A week before school started, I smashed the connector off of my USB stick. Although I had a recent backup, I’d had enough of forgetting it places, incapacitating my computer doing 8GB backups, forgetting it places, forgetting to do backups, forgetting it places, worrying about someone stealing it, etc.
The storage space my school allocates to me is properly backed up (not like my klugey USB stick system) but it’s too small to be useful. I’ve used Dropbox before because our school email system also will not allow me to transfer files the size of scanned assignments in PDF form, photos, video, etc. And anyway, email isn’t the right tool for the job.
I decided to go whole-hog with Dropbox, and it’s improved my workflow.

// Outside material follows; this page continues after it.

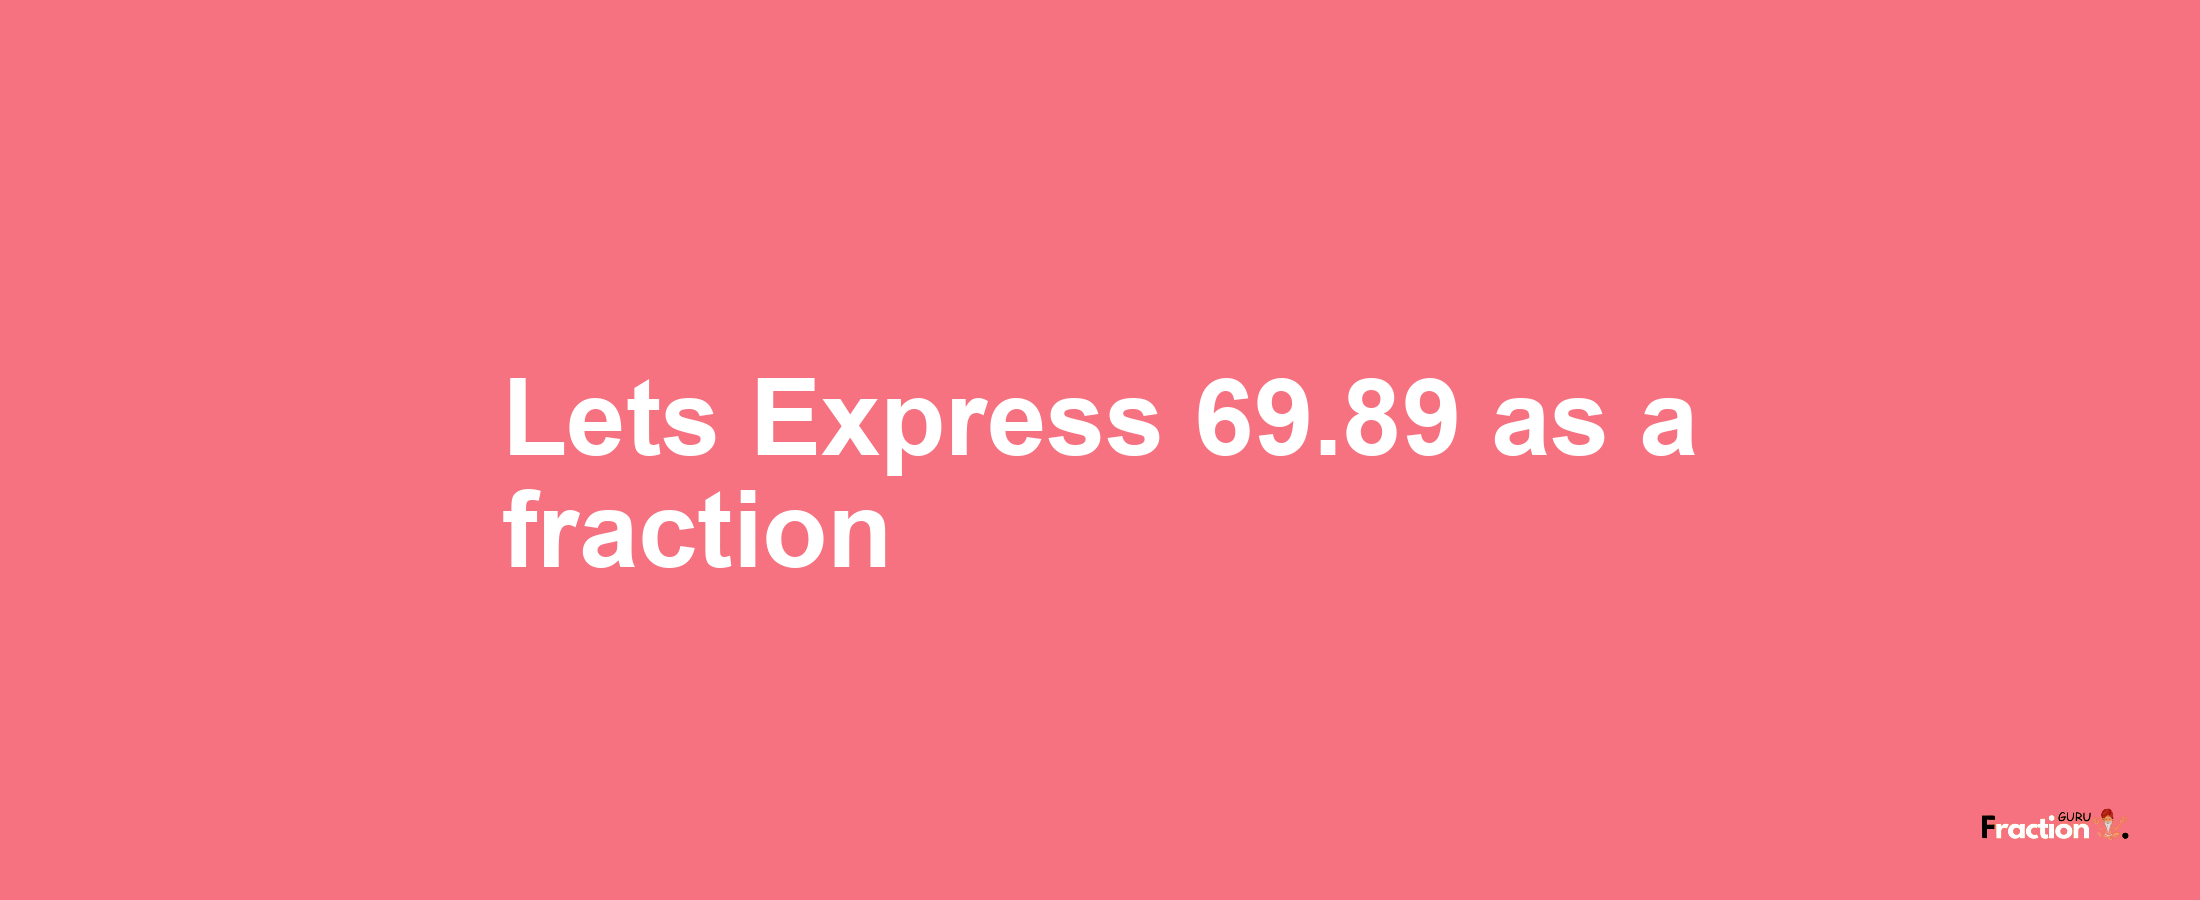 Lets Express 69.89 as afraction

Because it automatically syncs to the cloud, I can save a file on my office desktop and have it magically appear on my laptop at home. (Or at a coffee shop. Or anywhere I have wi-fi.) I can also walk into any classroom in the school, log in to the website, and have access to my entire repository of teaching-related stuff. The sync is fast (less than 1 minute from login to finished, for my volume of document changes).
All of this depends on reliable network access, of course. But since the files are physically copied to any computer on which I install Dropbox’s software, I can work on the local copy if I’m out of wi-fi range. It also plays nice with many Android apps, including Camscanner — I no longer have to export my scanned file to EZ PDF, then save it, then transfer it to a USB stick. Camscanner uploads to Dropbox directly. I can create folders to share with students, if I want (think document revisions, assignments handed in, screencasts they make, photos of them working in the shop, etc.). And for an extra $4/month, an infinite revision history.
Downside: it has some frustrating corollaries for working with SmartBoards(tm). If I open the cloud copy of a document, it is not editable, and the SmartBoard(tm) will refuse to ink on it (even if I don’t save). The solution is simply to save a local copy of the document (a dialog box prompts me which option I want). The file ends up in the Downloads folder of the local computer, is local and therefore editable, and gets erased when the machine reboots. I’ve decided that this is actually a feature, since it prevents me from accidentally saving the ink layer on my original document.
The other downside is that I need more storage than Dropbox offers for free. I’ve decided it’s worth it to me to pay the $10/month for 100GB, even though I only need about 10. (Want to join Dropbox? I’ll be happy to “invite” you so I can get credit toward my storage limit. Or, just join — you get 2GB for joining.
In other back-to-school product endorsements, I love my Auspens (thanks to Kelly for the tip). Refillable white-board markers mean getting that juicy new marker feeling every day. Because the ink flows freely, I don’t mash on them, so the nibs stay sharper (which makes my handwriting less bad). Plus, 6 colours. Who can resist?